Edited by Julie3Girls, 30 November 2012 - 08:00 PM.


#20 Feral Becky

Posted 30 November 2012 - 07:58 PM

Sunnycat, yours is the parents with the unfenced pool isn't it? I'd do two days daycare for my piece of mind.

But then I have a real anxiety about drowning.

#21 girltribe4

Posted 30 November 2012 - 07:59 PM

On Tuesdays I have 2 17m olds that would disagree with daycare not being the place to socialize , they have a great time together and ''play'' side by side quite a bit. The little girl who has only been coming a few weeks knows the little boys name too biggrin.gif

#22 Guest_Sunnycat_*

Posted 30 November 2012 - 08:02 PM

QUOTE (LindsayMK @ 30/11/2012, 08:58 PM) <{POST_SNAPBACK}>
Sunnycat, yours is the parents with the unfenced pool isn't it? I'd do two days daycare for my piece of mind.

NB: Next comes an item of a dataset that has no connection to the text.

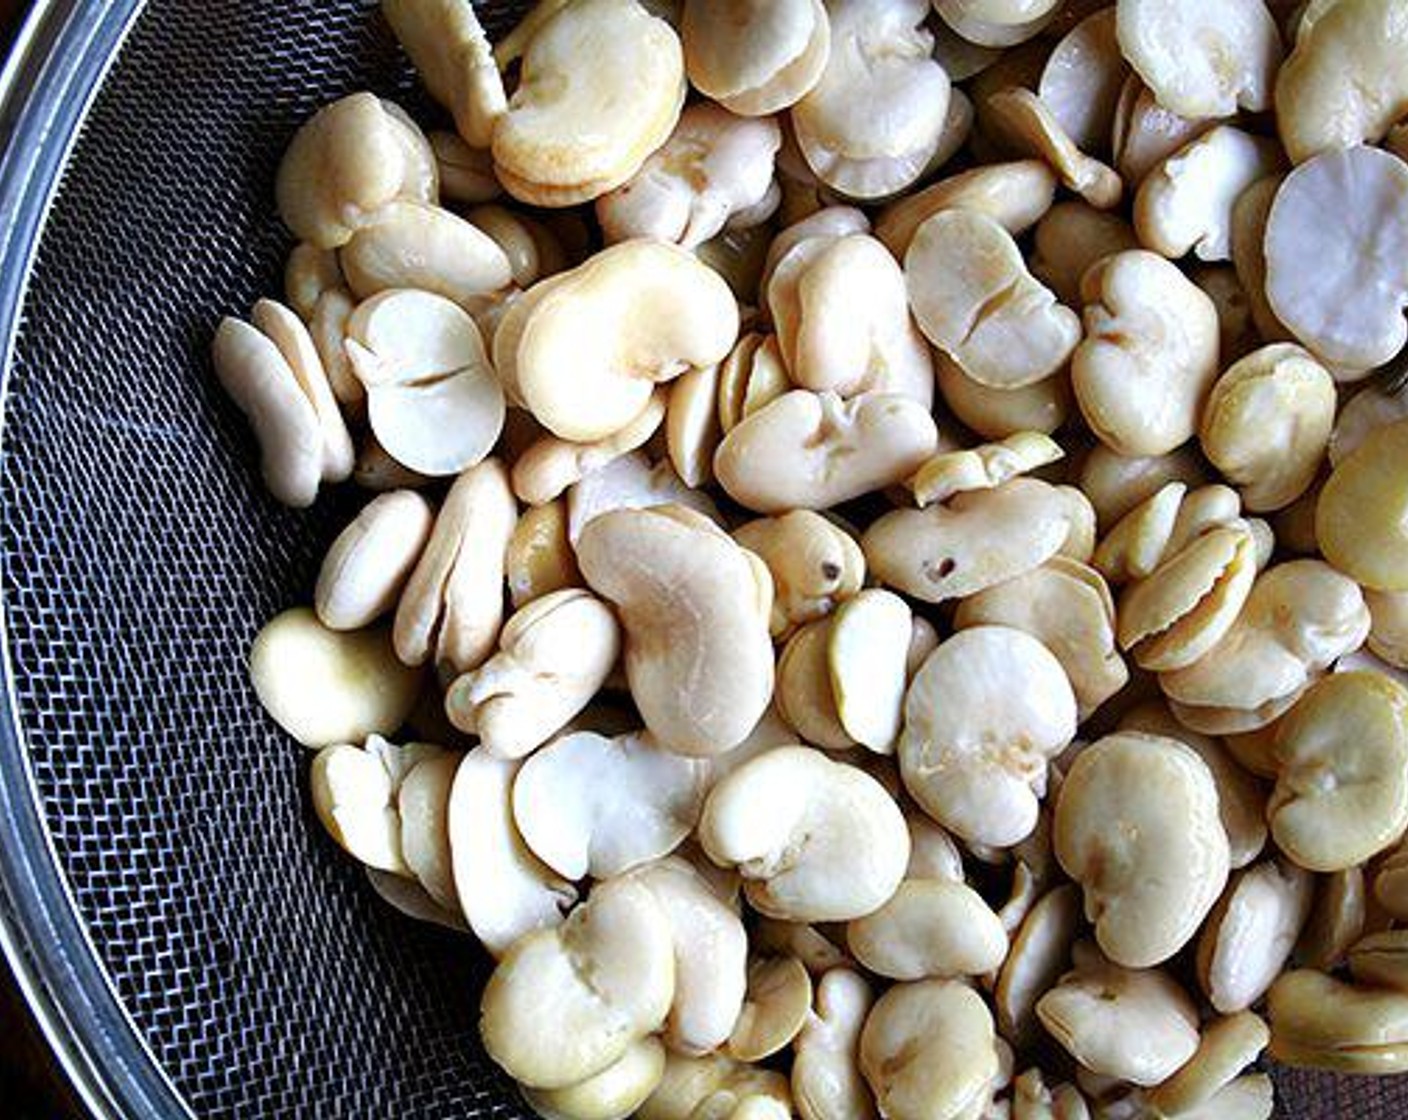 step 1 Put Fava Beans (1 3/4 cups) in a large bowl and cover with water by 3 or 4 inches; they will triple in volume. Soak for 24 hours, adding water if needed to keep the beans submerged.

But then I have a real anxiety about drowning.


Yeah that's me. But I do trust my parents to look after DS an have told them my concerns about the pool to which thy agree. If I had any hesitation about their ability to care for him I wouldn't let them look after him.

#23 Feral Becky

Posted 30 November 2012 - 08:06 PM

QUOTE (Sunnycat @ 30/11/2012, 08:02 PM) <{POST_SNAPBACK}>
Yeah that's me. But I do trust my parents to look after DS an have told them my concerns about the pool to which thy agree. If I had any hesitation about their ability to care for him I wouldn't let them look after him.



Don't worry, it's me, I have this 'thing' original.gif

#24 Domestic Goddess

Posted 30 November 2012 - 08:35 PM

I put DS in daycare when he was 13 months. It was recommended by the Early Childhood Intervention at the time. He was already going to a weekly playgroup, but other than that he was stuck with "just mum" 24/7.
I put him in family daycare and it was ok. Only 1 child of similar age and the rest were older. So not much to socialize with.
Thus I tried to get him in 1 more day, but the lady couldn't fit him in so I decided to find a family day carer who could have him for 2 days. Yet the same thing happened. He's been in 3 different FDC's and each and every one of them did not have any kids of similar age for him to socialize with.

He started to go to a big center just before he turned 2 and it has been the best decision I've made regarding daycare for DS. He's in a room full of peers. All the kids are between 2 and 3 and this means he's been copying the children's behaviour a lot more. (The good and the bad ofcourse). His speech is heaps better, his eye contact is slightly improving, his communication skills are slowly improving. I have nothing but praise for the center.

So to answer your question simply: YES. Go for it! What do you have to loose? Give it a go and if he doesn't like it, you can always pull out and look for other options like playgroups.
If you're worried about putting him in a center, you can try FDC as well?

#25 casime

Posted 01 December 2012 - 07:01 AM

DS goes three days a week as I'm studying full time, and he loves it.   No tears at drop off, and he crawls off straight away to the toys or to the girls.  When I go to pick him up he's always in the middle of a group of kids playing.  I think it's great for him, as he's never around other kids otherwise, and being a single mum I 'm the sole carer, but now he's been going to daycare he'll happily go to other people without getting upset.